Ouvi o portão se abrindo, uma meia hora depois de todos saírem.
- Quer que eu veja quem é? - Ele ofereceu.
Balancei a cabeça negativamente, me levantei, mas parei na entrada da sala.
- O que você quer aqui? – Minha voz saiu quase como um rosnado. Não dava para acreditar que ela estava ali. Com a cara mais deslavada do mundo!
- Eu vim para a missa do seu irmão. – Ela fez cara de pesar para mim.
- Como sempre, você chegou atrasada! - Vociferei, e Léo parou atrás de mim sem entender nada.
- Elise, fala comigo... Como você está? – Ela inclinava a cabeça para tentar demonstrar ternura, e isso me deixava louca de raiva.
- Tô ótima, não tá vendo? Meu irmão morreu, sua cretina... Como acha que eu estou? – gritei.

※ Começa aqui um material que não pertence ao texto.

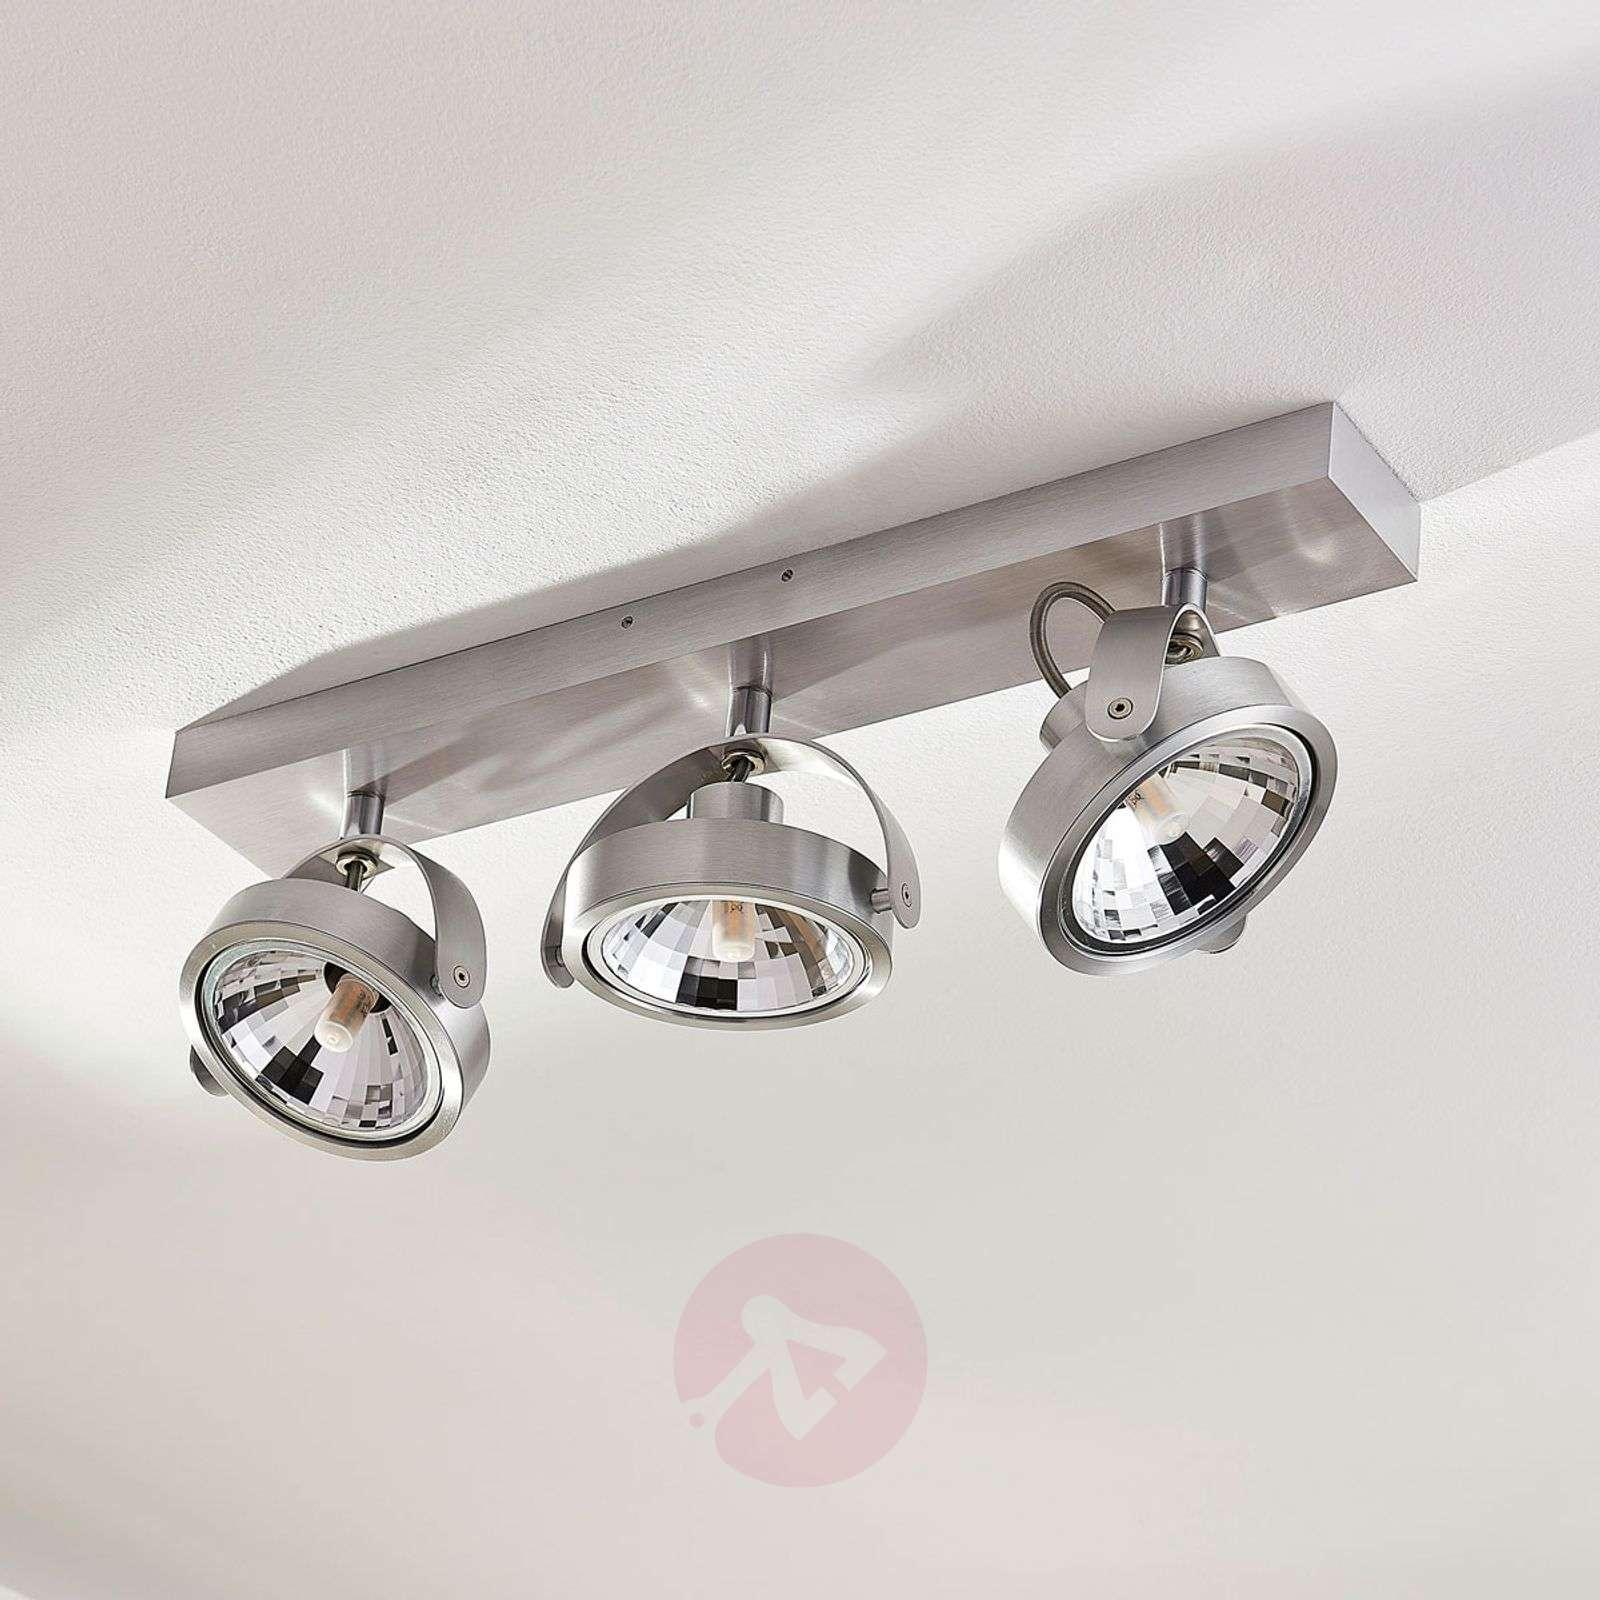 Lieven aluminium LED ceiling spotlight, three-bulb-9621522-01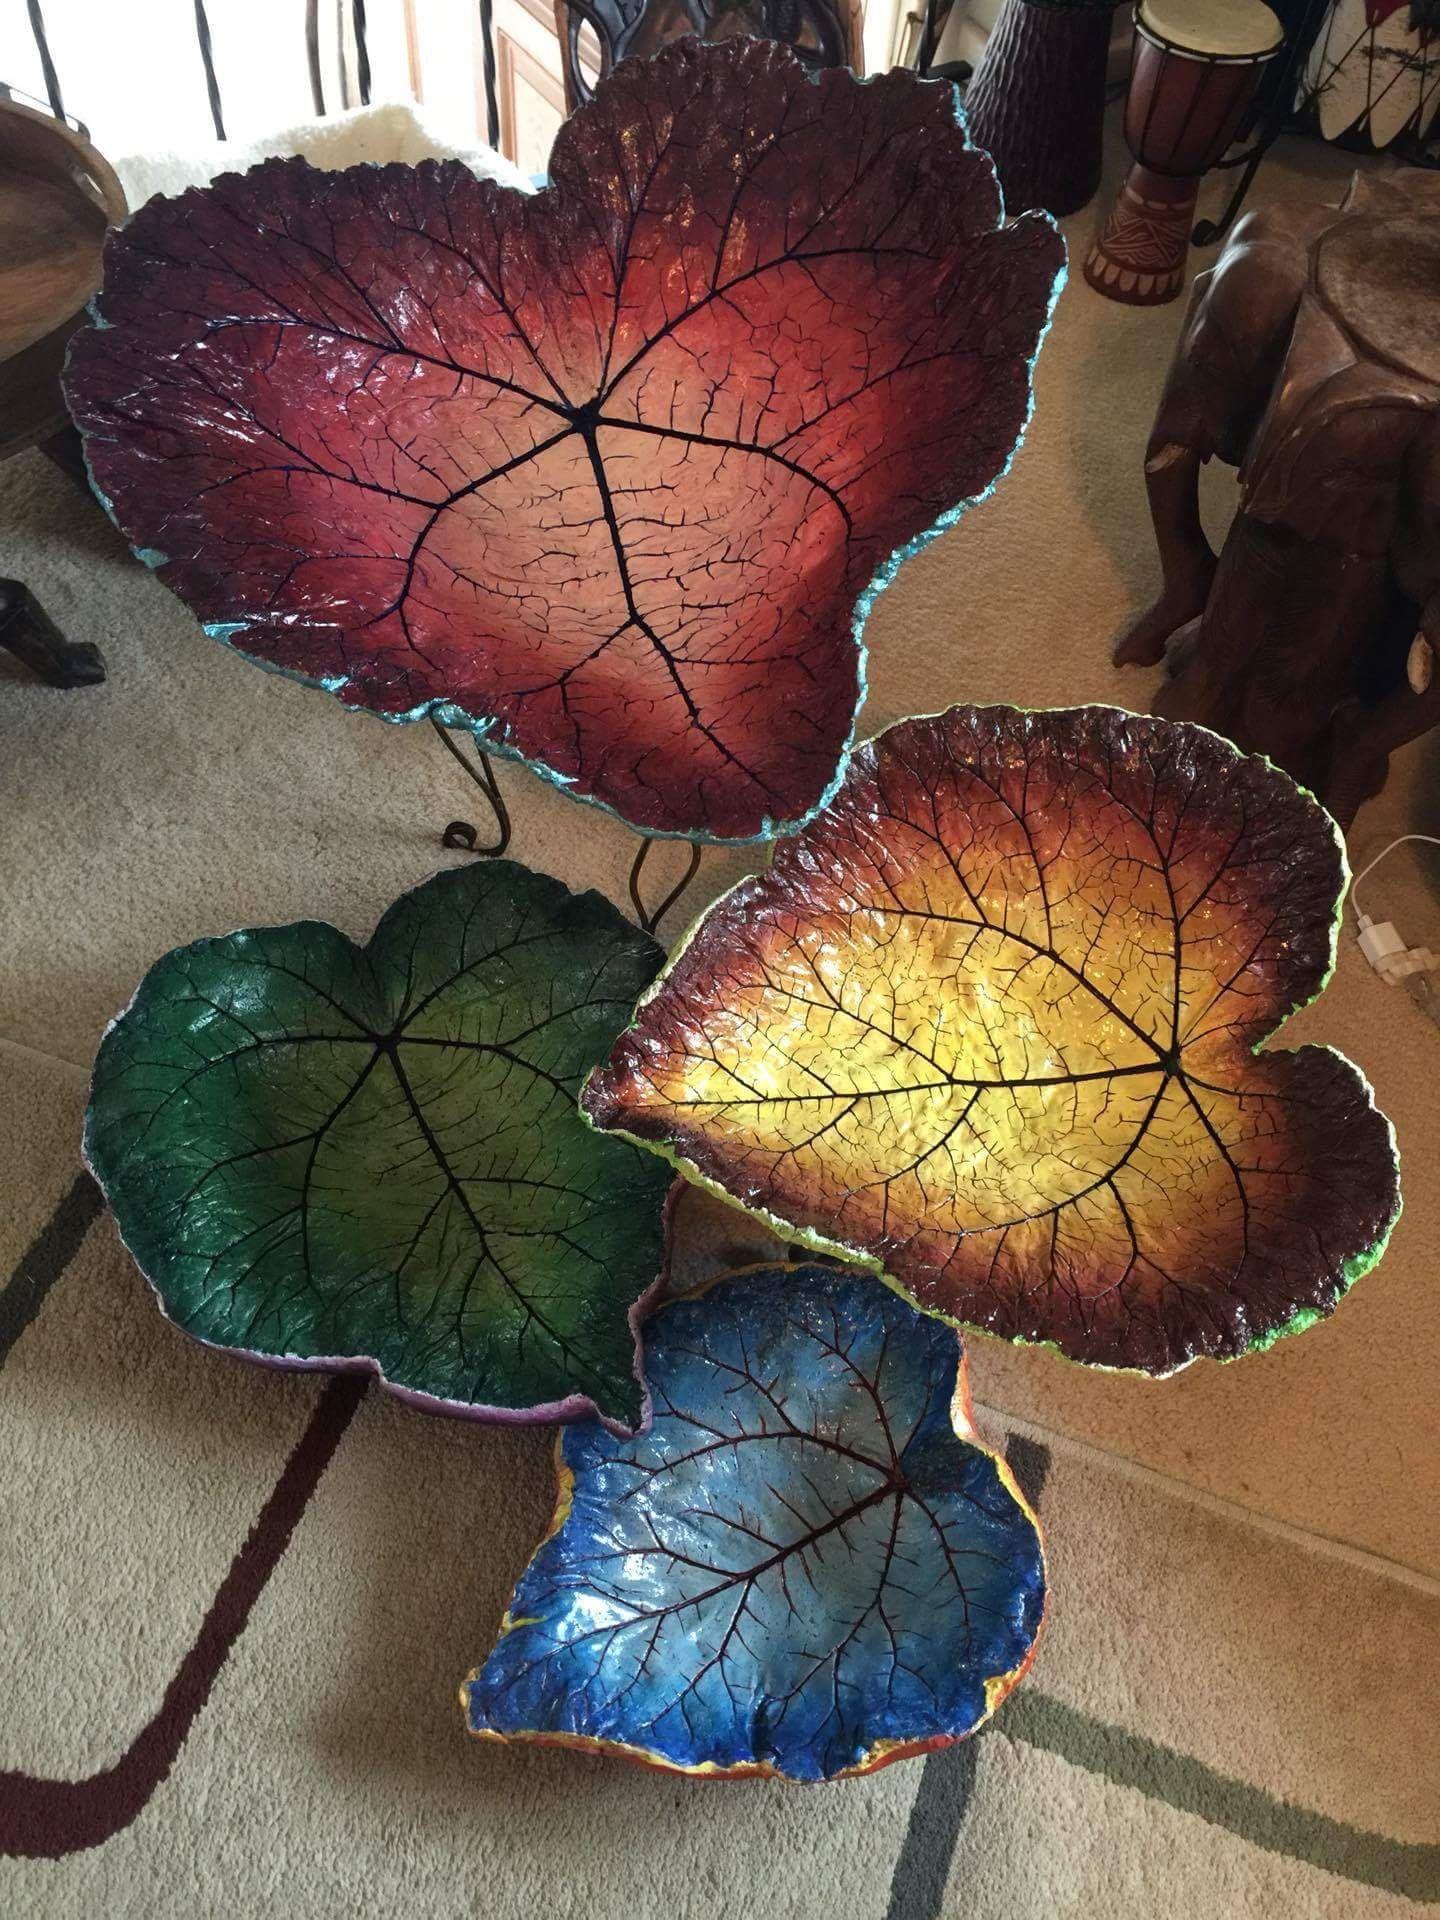 cement rheubarb leaf hand painted by barbara h

- Elise, calma... – Léo segurava meus ombros.
- Você deve ser o Leonardo, é um prazer conhecer você. – disse se virando para ele.
- Não fala com ele! Some daqui, agora! - gritei. – Minha vida já tá uma merda sem ter você nela, você podia fazer o favor de não piorar?
- Elise, quantas vezes eu tenho que te implorar perdão... – Suplicou.
- Nada que você faça, vai fazer eu te perdoar. Você é um lixo! Um lixo com ser humano. E um lixo como mãe! – falei lutando contra minhas lágrimas.
Ela deu um passo na minha direção, e instintivamente estiquei meu braço para o raque agarrando um porta-retrato.
Ela ignorou, e deu outro passo. Segurei firme o porta-retrato e arremessei, ele passou raspando na cabeça dela, e na verdade eu não queria acertá-la, só queria que ela se afastasse.
- Eu não tô brincando! – rosnei – Sai da minha casa, agora! Ou o próximo vai ser na sua cara!
- Elise... – Léo sussurrou atrás de mim.
- Tudo bem, Leonardo. – disse ela calmamente. – Que bom que você cuida dela. – Se virou para mim. - Eu vou embora, Elise. Mas não pense que eu não me importo com você... Eu estou morrendo por dentro pelo que aconteceu com seu irmão também.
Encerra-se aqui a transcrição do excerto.